Andrés Cruz Abogado,
Magíster Filosofía Moral
En su novela “Animal Moribundo”, Philip Roth expresa: “El cuento de hadas más encantador de la infancia es que todo sucede en orden.
Tus abuelos se van mucho antes que tus padres y estos mucho antes que tú. Si tienes suerte, las cosas pueden salirte así, la gente envejeciendo y muriendo en orden, de modo que en el funeral mitigas tu dolor pensando que esa persona ha tenido una larga vida. Ese pensamiento no hace que la extinción sea menos monstruosa, pero es el truco que empleamos para conservar intacta la ilusión metronómica y tener a raya la tortura del tiempo”.
¿Pero qué ocurre cuándo se rompe esta trivialización del sufrimiento?, ¿Cuándo se rompe este orden que impuesto para soportar el dolor que significa una pérdida?, ¿Cuándo nos arrebatan esta posibilidad lógico temporal de consuelo?
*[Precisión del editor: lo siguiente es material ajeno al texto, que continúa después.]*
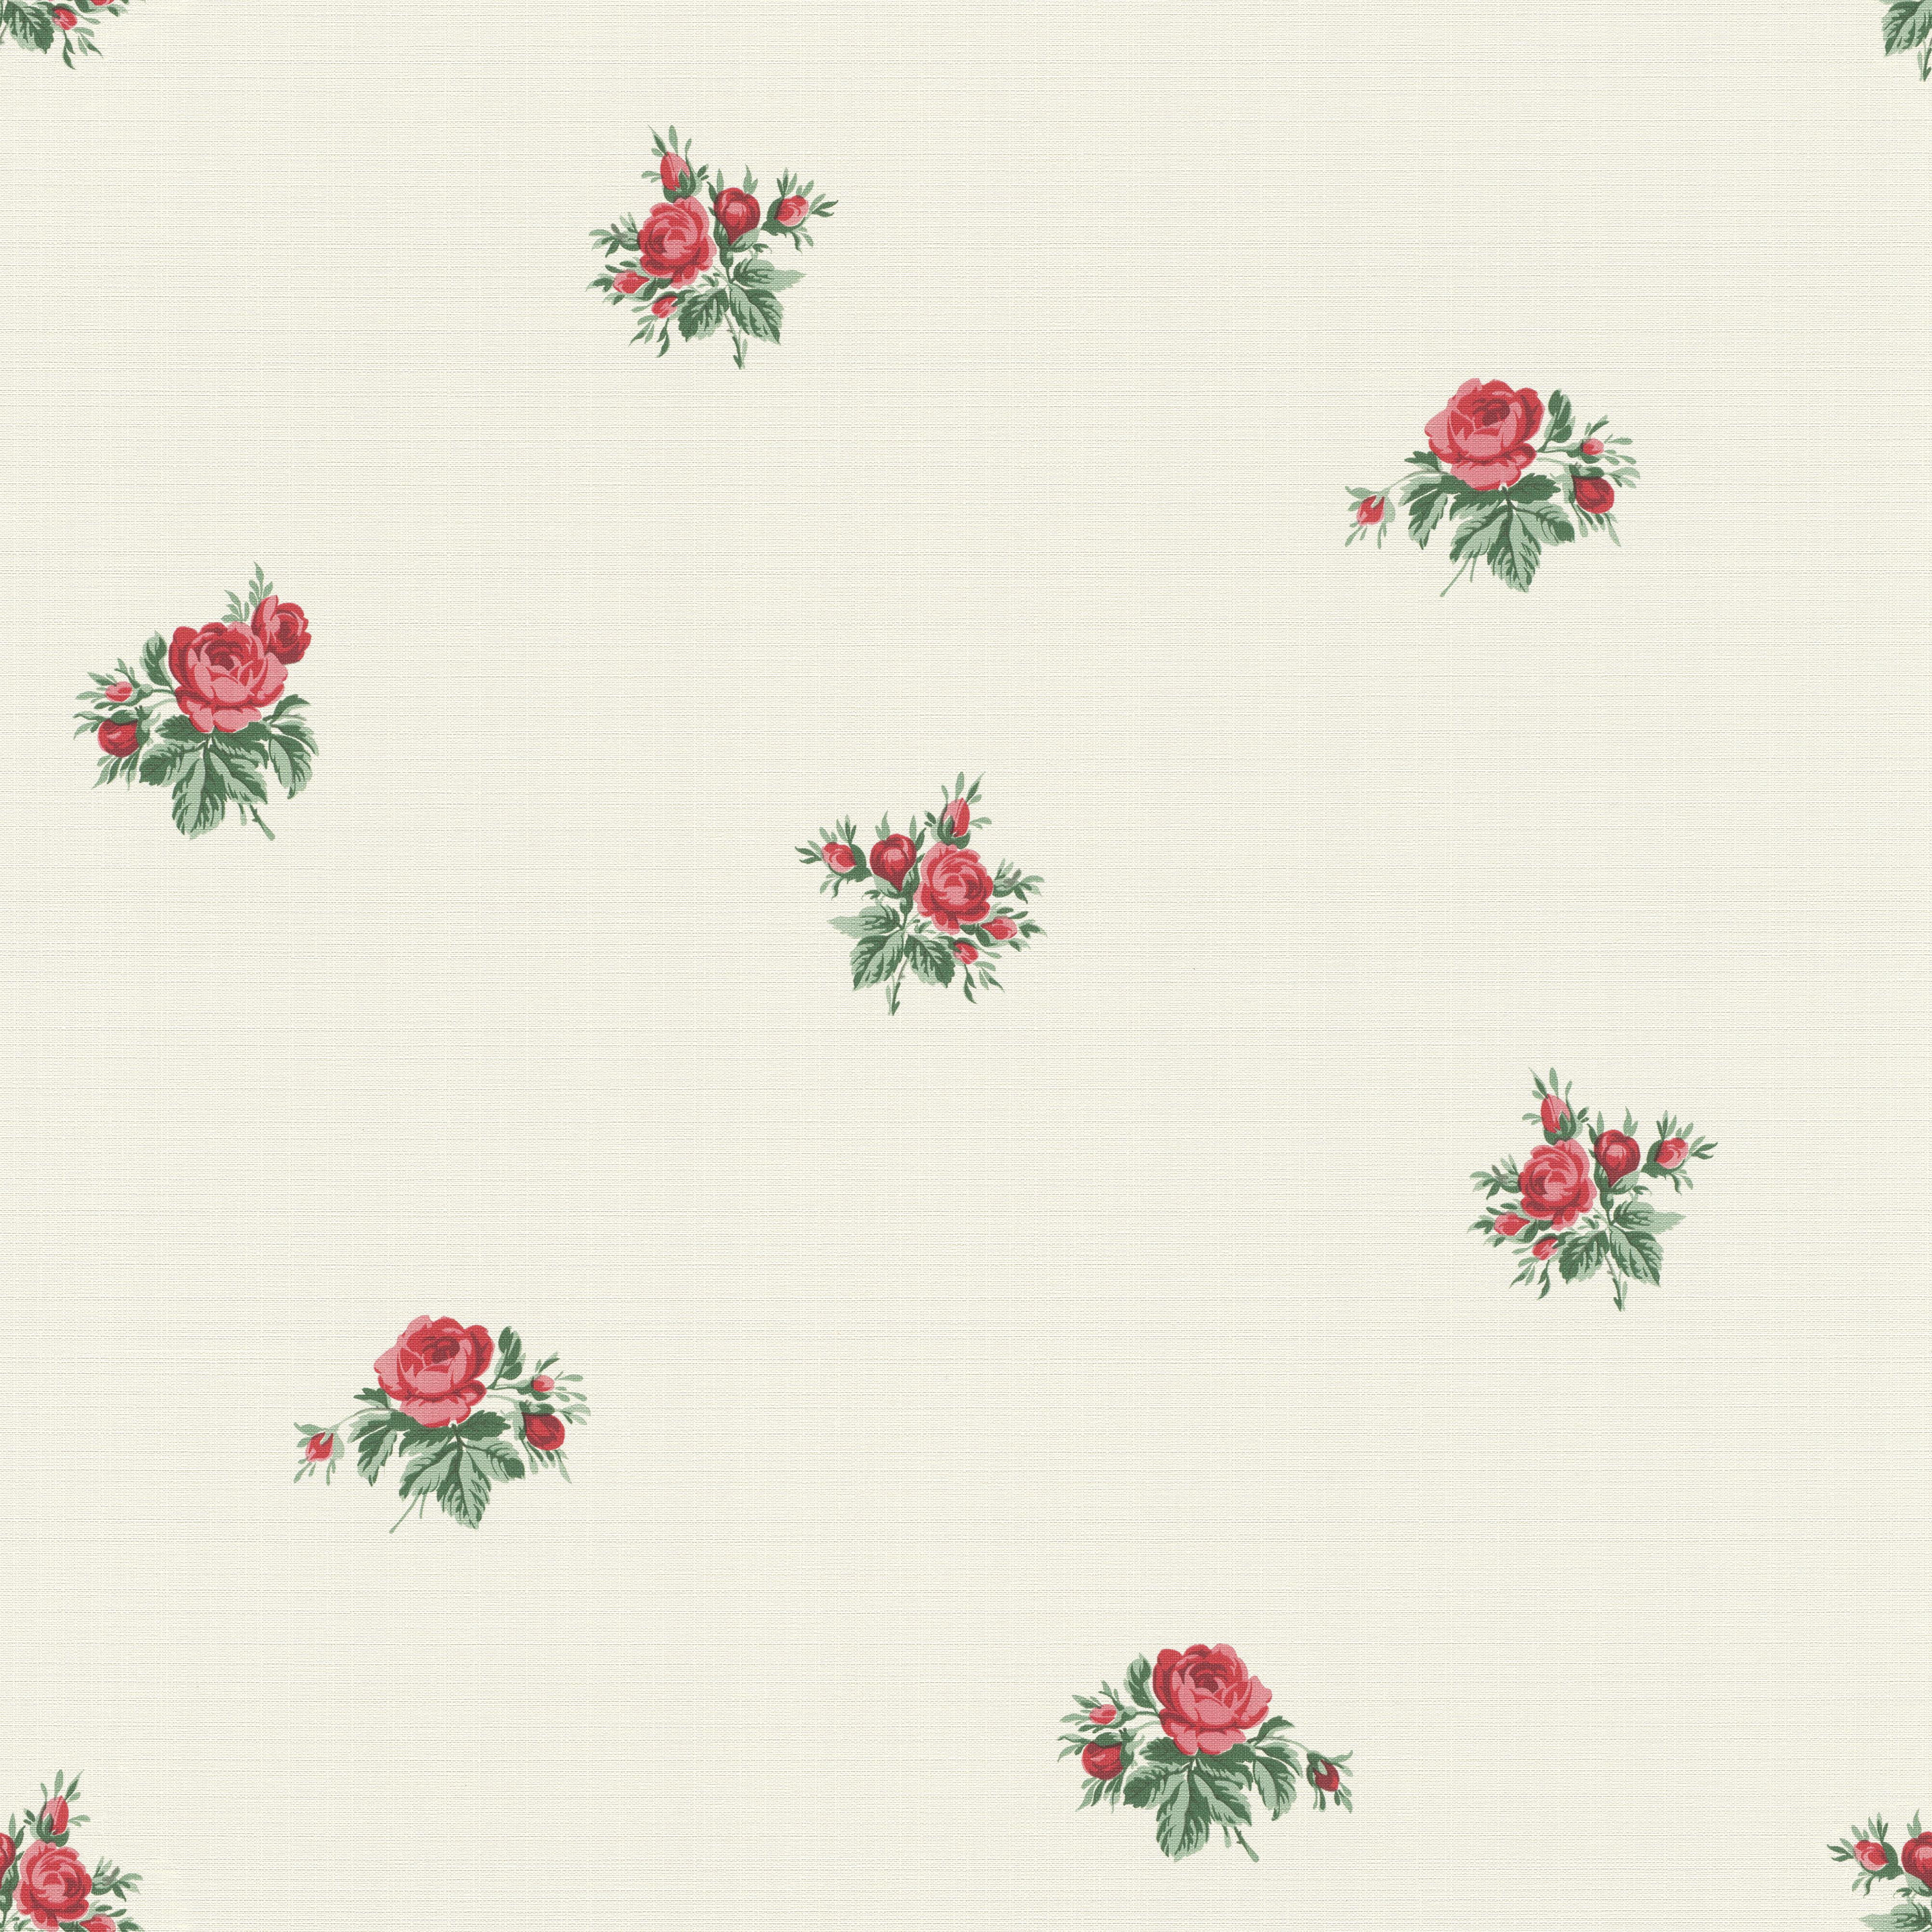 Provance vintage rózsamintás tapéta piros rózsákkal

Una enfermedad o un accidente nos pueden quitar un hijo u otro ser querido, con un quiebre a esta regla que nos serviría como medio para aplacar de algún modo el dolor profundo cuando se nos despoja sorpresiva o inesperadamente una existencia que nos ha servido como motivo para fundar la nuestra.
La angustia y el desconsuelo podrán permanecer o reaparecer, pero la explicación del fenómeno nos podría conducir, sino a descubrir la respuesta, al menos a encontrar insumos para construir un puente que nos permita seguir viviendo con esta terrible experiencia. Sin embargo, cuando hay “otro”, un individuo que interviene en la muerte de una persona, estos ciclos pueden tornarse muy largos.
Aun cuando no se rompa con este orden cronológico, que asumimos como natural, este tormento puede transformarse en un calvario ante la búsqueda de una respuesta satisfactoria por lo que resulta ser inexplicable.
De identificar primero al autor de la acción y luego hacer todo lo posible para que ese sujeto, que sin motivo ha quebrado con un sistema de relaciones, con una historia, con una vida que pudo haber engendrado muchas otras vidas, sea castigado. Esforzarse por superar esa actitud autoflagelante de no haber hecho las cosas distinto, lo que hubiese cambiado los acontecimientos, aun cuando es imposible manejar estos rumbos imprevisibles.
Luchar por ser oído ante la inercia de un contexto donde las vidas humanas no son más que parte de una gran estadística, y es desesperante ver cómo se desenvuelve de manera cansina y poco comprometida un sistema que ve como una rutina la muerte de un ser humano asesinado.